12:25 pm on Mar 12, 2008 (gmt 0)

10+ Year Member



As I understand it ISO-8859-1 is a direct subset of UTF-8, in a similar way that ASCII is within ISO-8859-1. That is you create the character in the same way, just save the file as UTF-8.

The only complication I've encountered is the Byte Order Mark BOM which some editors will add, that then spoils output for the web. Check the editor you use saves without BOM and you shouldn't have a problem.

encyclo

4:54 pm on Mar 12, 2008 (gmt 0)

WebmasterWorld Senior Member 10+ Year Member



As I understand it ISO-8859-1 is a direct subset of UTF-8

Unfortunately, that's not the case - US-ASCII is a subset of UTF-8, but non-ASCII characters in ISO-8859-1 are encoded differently than in UTF-8.

I can't give specific instructions in terms of composing special characters in UltraEdit, as I don't use either that editor or indeed Windows at all. However, you should check out the table of characters available in the Accessories / System Tools directory off the Windows Start button. There's always going to be difficulties entering characters which are not represented on your keyboard.

davidpbrown

5:04 pm on Mar 12, 2008 (gmt 0)

10+ Year Member



or might [save-as UTF-8] do the translation without corruption of those characters?

penders

1:04 am on Mar 15, 2008 (gmt 0)

WebmasterWorld Senior Member 10+ Year Member Top Contributors Of The Month



How would I enter, for instance, a non-breaking space ( ) and a minus sign (−)?

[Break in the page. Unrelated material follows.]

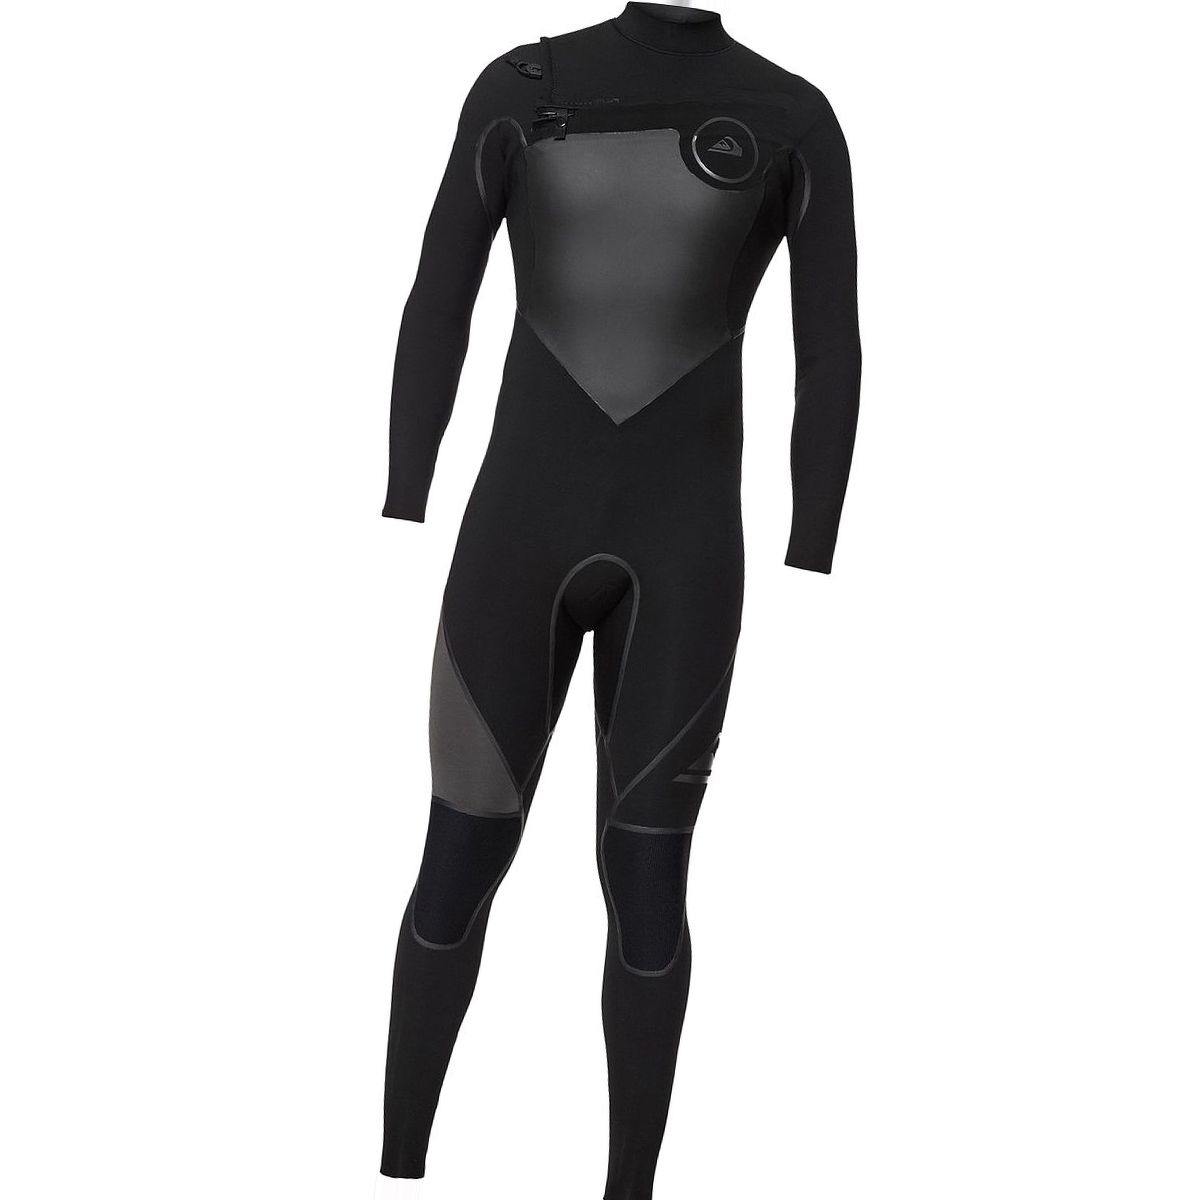 Quiksilver 5/4/3 Syncro Plus Chest-Zip LFS Wetsuit - Men's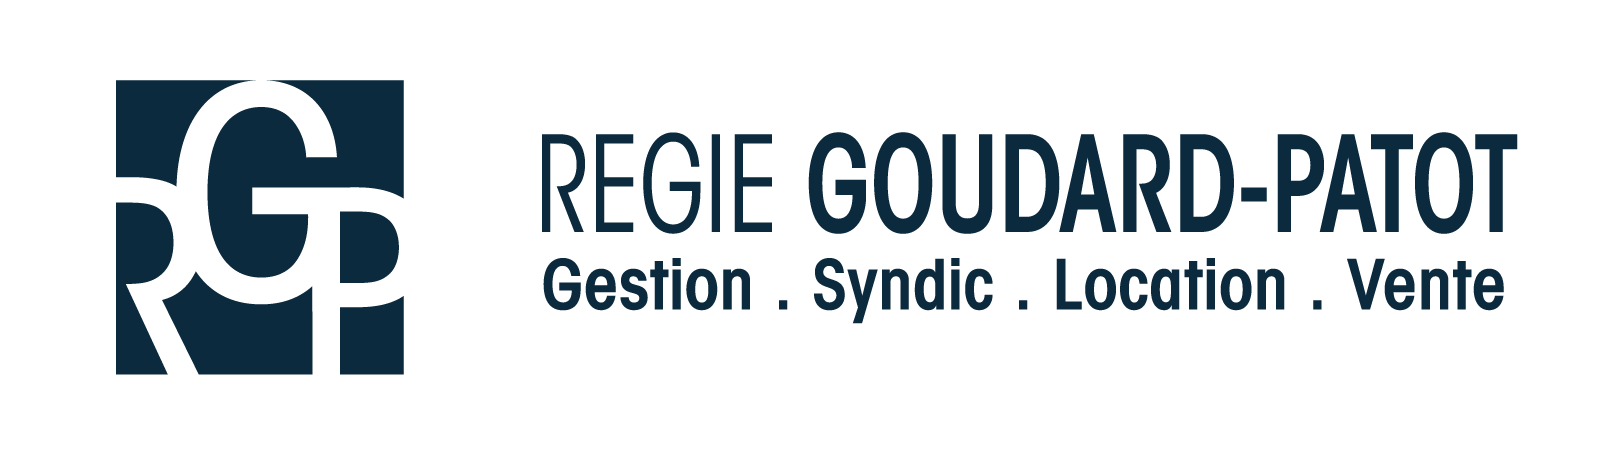 le Logo de la REGIE GOUDARD-PATOT

As encyclo suggests, check out Windows "Character Map". The   (numeric character reference  ) can be typed on a Windows machine by hitting Alt+0160 (as indicated in Windows 'Character Map'). However, the − (numeric character reference −) does not seem to have a direct keyboard shortcut? You can copy and paste it from the Character Map. If you need to type it a lot then perhaps save it as a macro (if your editor supports it)?

[edited by: tedster at 5:04 am (utc) on Mar. 15, 2008]
[edit reason] turn off graphic smiles [/edit]

directrix

6:11 pm on Mar 15, 2008 (gmt 0)

10+ Year Member



Thanks, everyone. I've managed to enter characters in UltraEdit directly (e.g. Alt+0160 for the non-breaking space) and using copy and paste. UltraEdit seems to have pretty good support for UTF-8 and Unicode.

I wonder what proportion of visitors will see what I intend when using the true characters in UTF-8 versus HTML entities in ISO-8859-1? Is it likely to be more? Or less? What factors affect whether the visitor will see what I intend? Operating system? Font? Browser?